Tuberculosis merupakan penyakit infeksi kuman menahun yg disebabkan olehMycobacterium tuberculosis yg ditandai dengan pembentukan granuloma padajaringan yg terinfeksi. Mycobacterium tuberculosis merupakan kuman aerob ygdapat hidup terutama di paru / banyak sekali organ tubuh lainnya yg bertekanan parsialtinggi. Penyakit tuberculosis ini biasanya menyerang paru tetapi sanggup menyebar kehampir seluruh belahan tubuh termasuk meninges, ginjal, tulang, nodus limfe. Infeksi awalbiasanya terjadi 2-10 ahad sehabis pemajanan. Individu kemudian sanggup mengalamipenyakit aktif lantaran gangguan atau ketidakefektifan respon imun.
Tuberkulosis (TB) ialah penyakit kronis yg menyerang semua jenis binatang dan manusia. Tuberkulosis pada sapi setips hemat sangat merugikan dan sekaligus merupakan ancaman bagi kesehatan manusia. Penyakit TB disebabkan oleh kuman tahan asam Mycobacterium tuberculosis.Ada tiga tipe kuman TB yaitu, tipe human (orang), tipe bovine (sapi), dan avian (unggas), namun demikian ketiga tipe tersebut sanggup menginfeksi hewan. Kuman TB sanggup tahan hidup berbulan-bulan di padang rumput yg rindang atau di sangkar yg teduh. Kuman sanggup mati setips cepat jikalau tekena sinar matahari.

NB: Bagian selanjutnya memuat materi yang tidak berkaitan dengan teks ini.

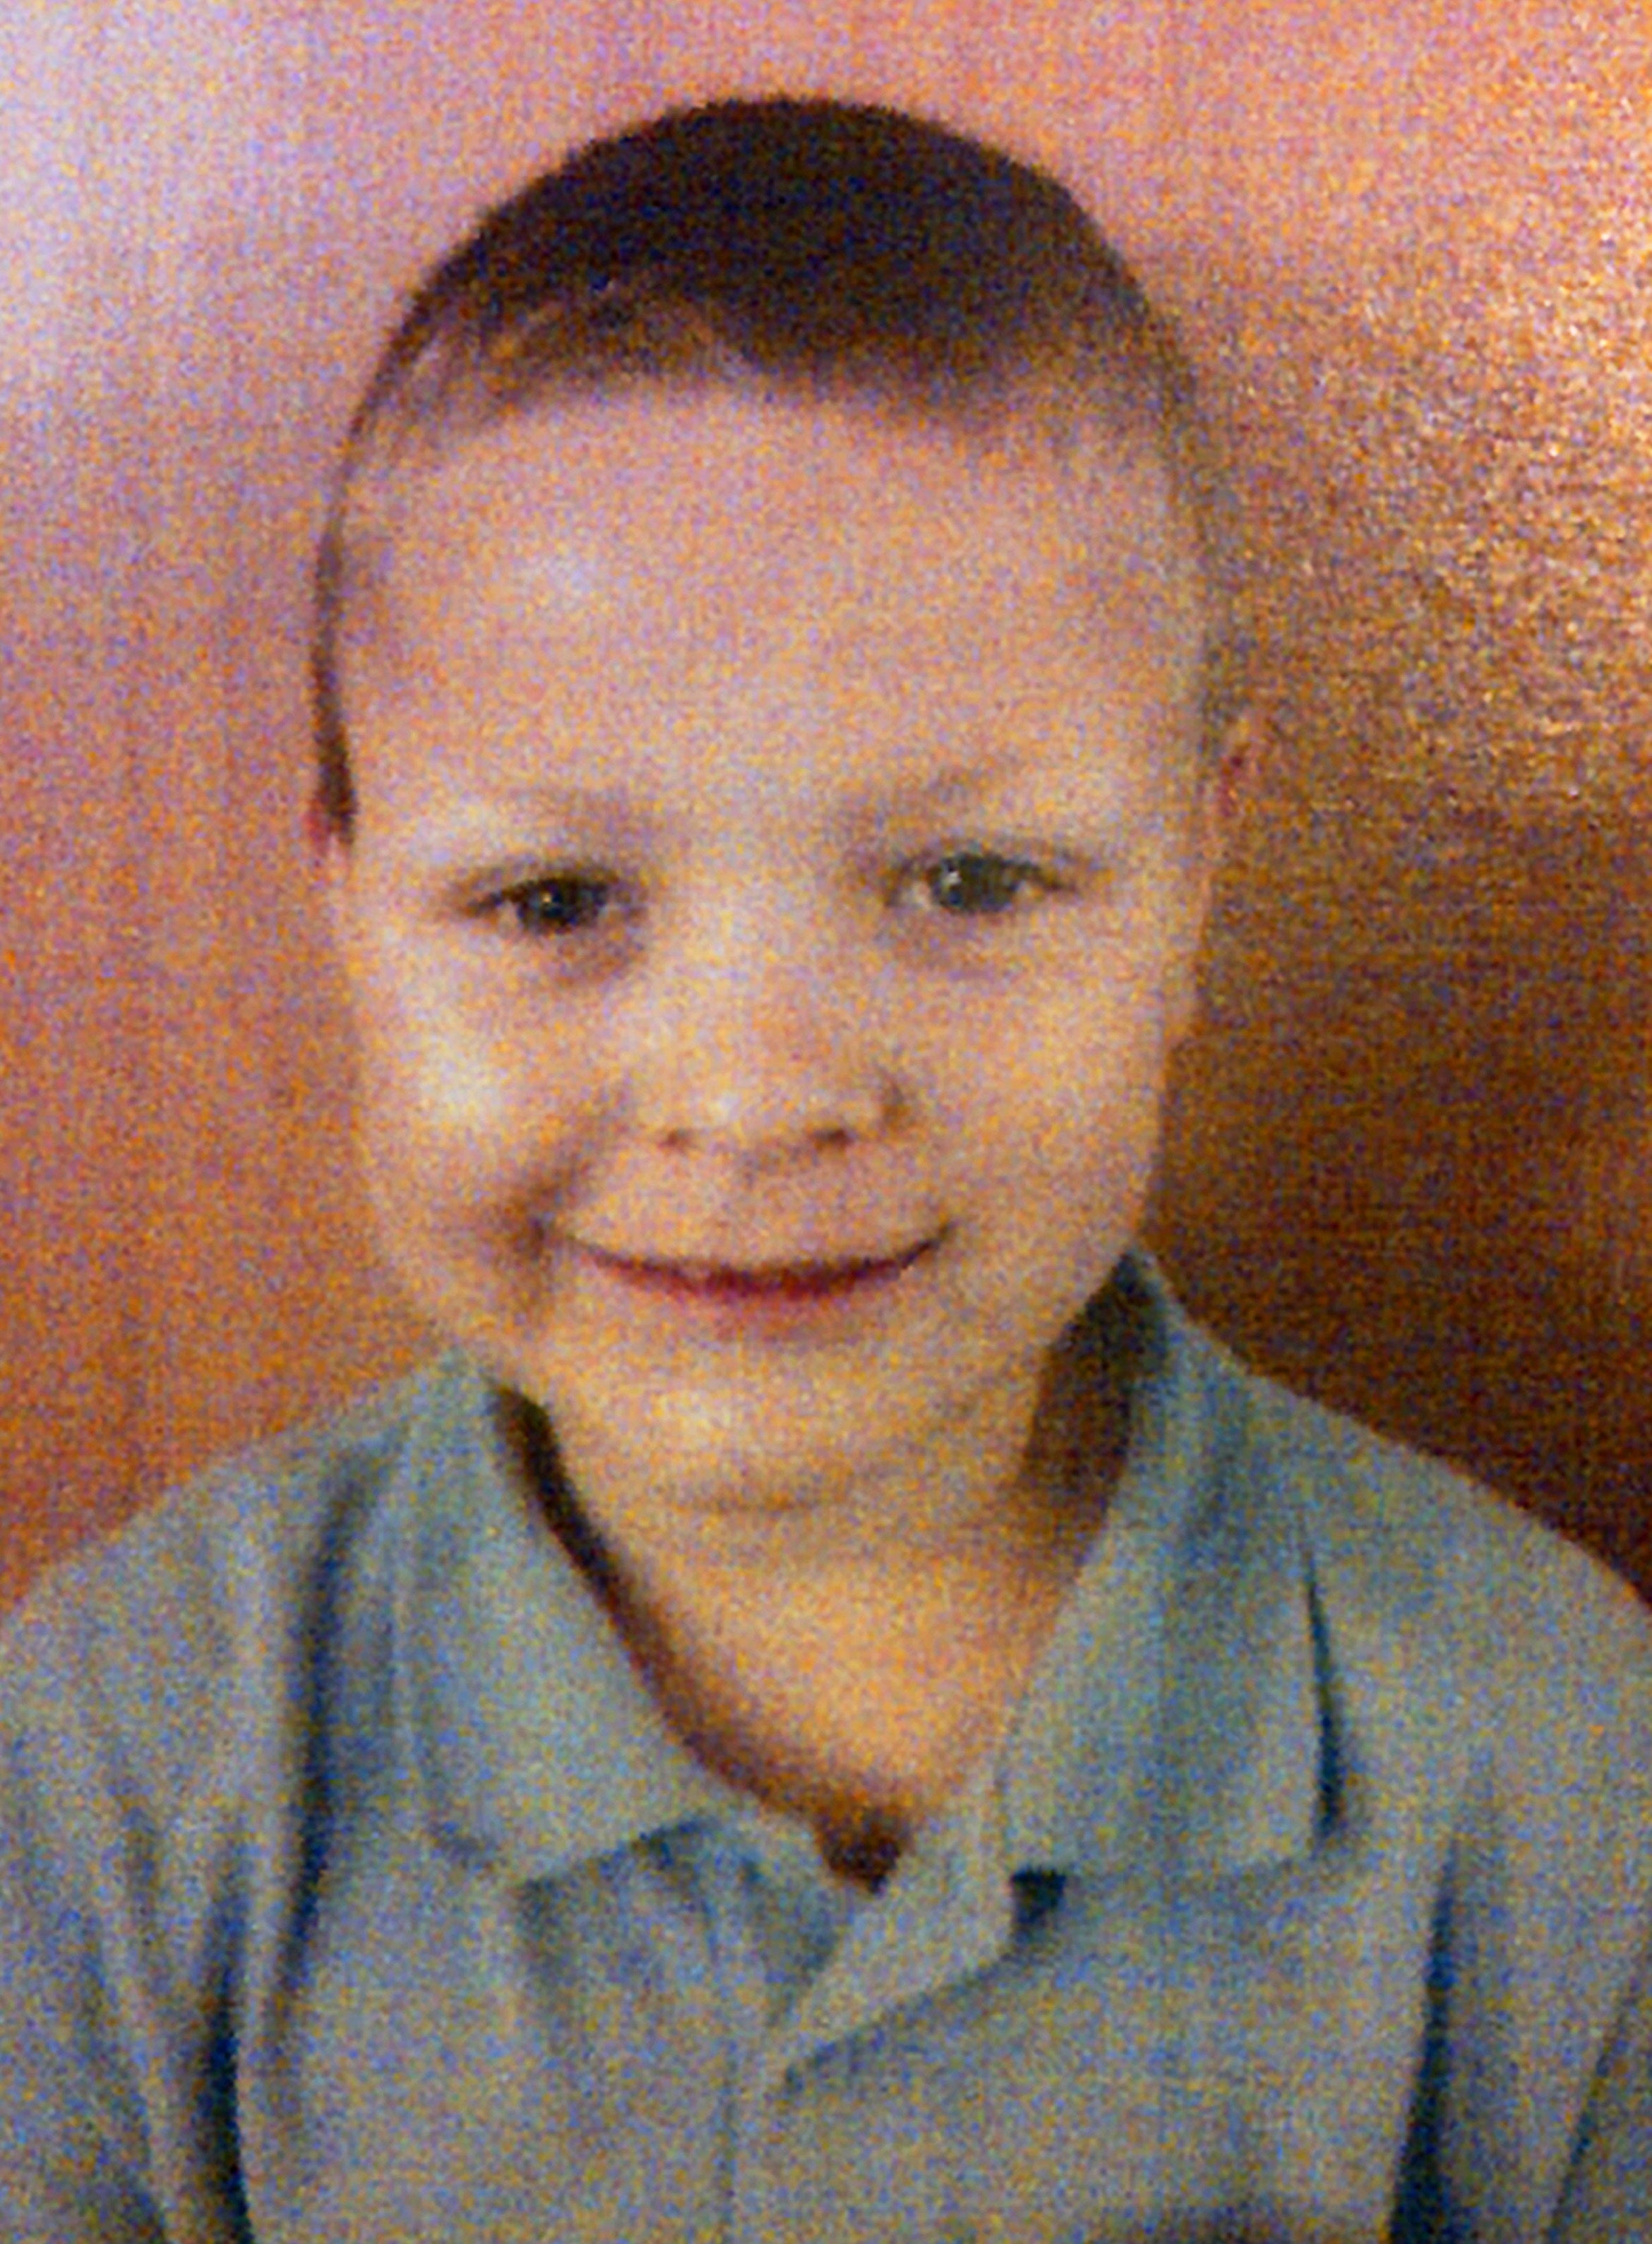 Conley Thompson went missing after telling his mother he was going out to play with friends in Barnsley, South York

Kejadian TB di Indonesia banyak ditemukan pada sapi perah daripada sapi potong. Sampai tahun 1994, kasus TB pada sapi hanya ditemukan di Jawa Barat. Penyakit TB sering dijumpai pada sapi perah yg sudah renta terutama yg dikandangkan dengan higiene lingkungan yg jelek. Prevalensi TB pada sapi di sangkar terbuka biasanya lebih rendah. Infeksi terjadi melalui pernafasan atau percikan batuk dari binatang terinfeksi yg mencemari pakan atau minum. Pedet sanggup tertular melalui susu dari induk yg terinfeksi. Lesi yg mentanda dari TB ialah pembentukan tuberkel atau bungkul berwarna putih kekuningan pada paru atau usus binatang yg terinfeksi. Bungkul tersebut berisi cairan bernanah, binatang sanggup mati lantaran organ tidak berfungsi akhir perkembangan jejas pada organ yg meningkat.

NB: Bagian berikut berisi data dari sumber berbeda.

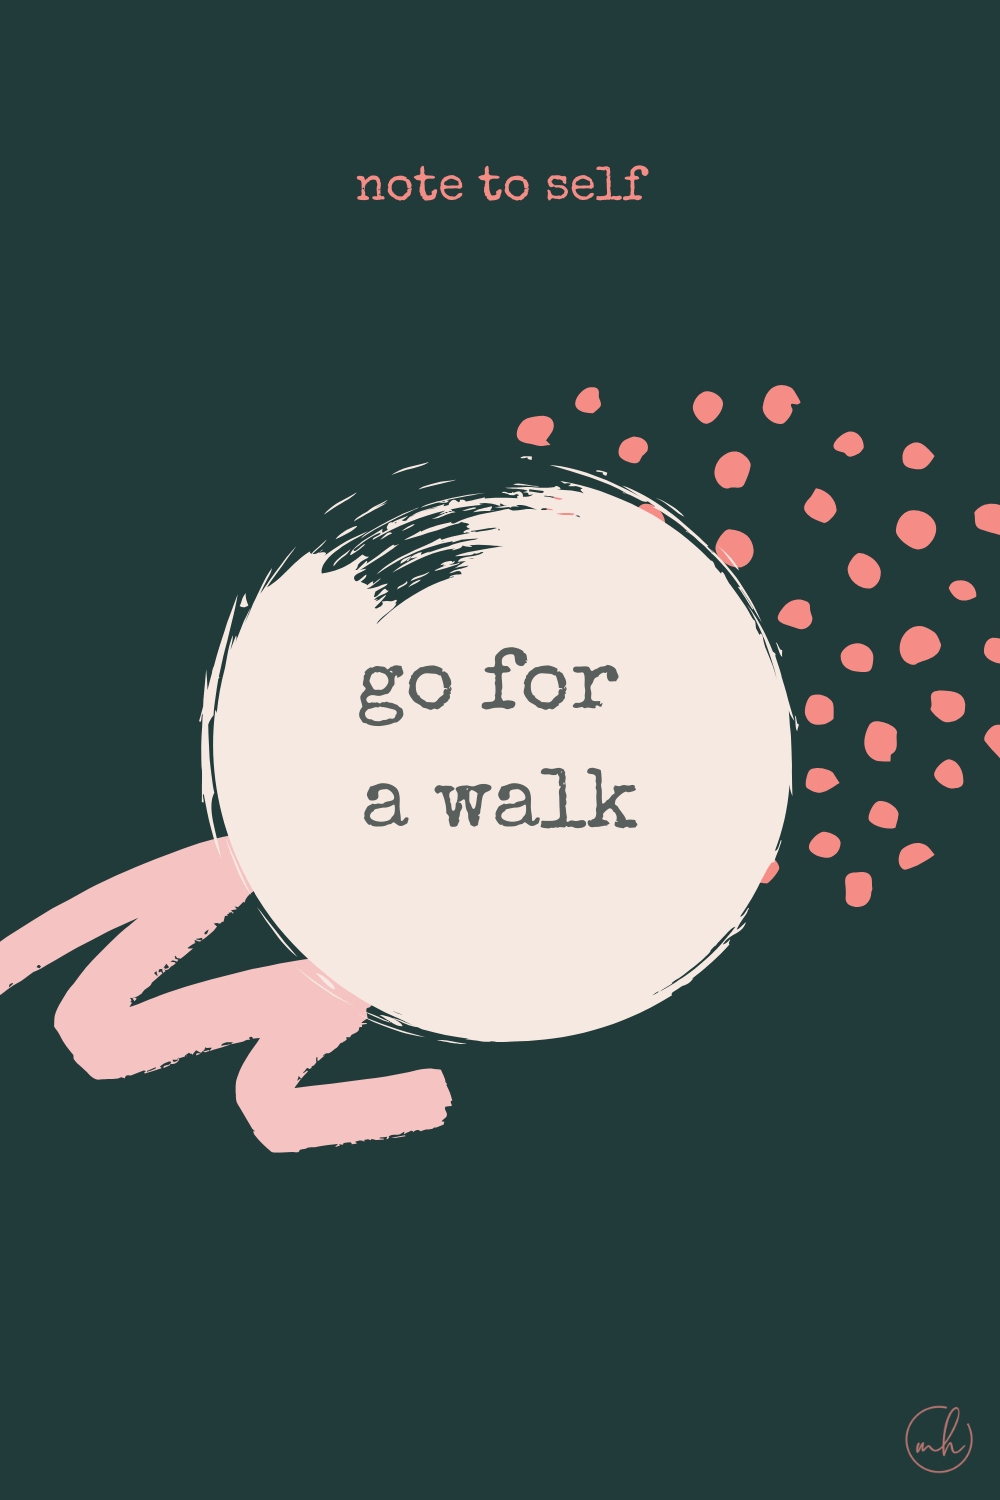 Go for a walk - Note to self quotes | myhoogah

Diagnosis TB pada binatang hidup sanggup dilsayakan dengan reaksi hipersensitivitas dengan uji tuberkulin. Pada binatang terinfeksi akan terjadi pembengkakan pada sisi suntikan dan sanggup diukur luasnya dengan kaliper. Hewan yg mati akhir TB sanggup dikirimkan jaringan yg mengandung sarang-sarang tuberkel untuk isolasi kuman dan investigasi histopatologi. Pengobatan tidak dianjurkan pada binatang yg terjangkit TB lantaran tidak ekonomis. Pengujian TB sanggup dilsayakan setips teratur tiap 6-12 bulan dengan uji tuberkulin diikuti dengan pemotongan reaktor.
BVD
Bovine viral diarrhea (BVD) merupakan penyakit viral pada sapi yg disebabkan oleh virus BVD, gampang ditularkan diantara sapi dan sudah menyebar ke seluruh dunia. Umumnya infeksi paska kelahiran bersifat non klinis, peningkatan temperatur biphasic (terjadi dua kali peningkatan suhu badan) dan leukopenia yg diikuti peningkatan zat kebal/antibodi yg sanggup dideteksi dengan uji serum netralisasi. Infeksi sanggup dilihat melalui diagnosis serologik, virologik dan munculnya tanda klinis dan adanya lesi patologik
Anthrax
Antraks atau anthrax ialah penyakit menular sayat yg disebabkan bakteria Bacillus anthracis dan sangat mematikan dalam bentuknya yg paling ganas. Antraks paling sering menyerang herbivora-herbivora liar dan yg sudah dijinakkan, namun juga sanggup menjangkiti insan lantaran terekspos hewan-hewan yg sudah dijangkiti, jaringan binatang yg tertular, atau spora antraks dalam kadar tinggi.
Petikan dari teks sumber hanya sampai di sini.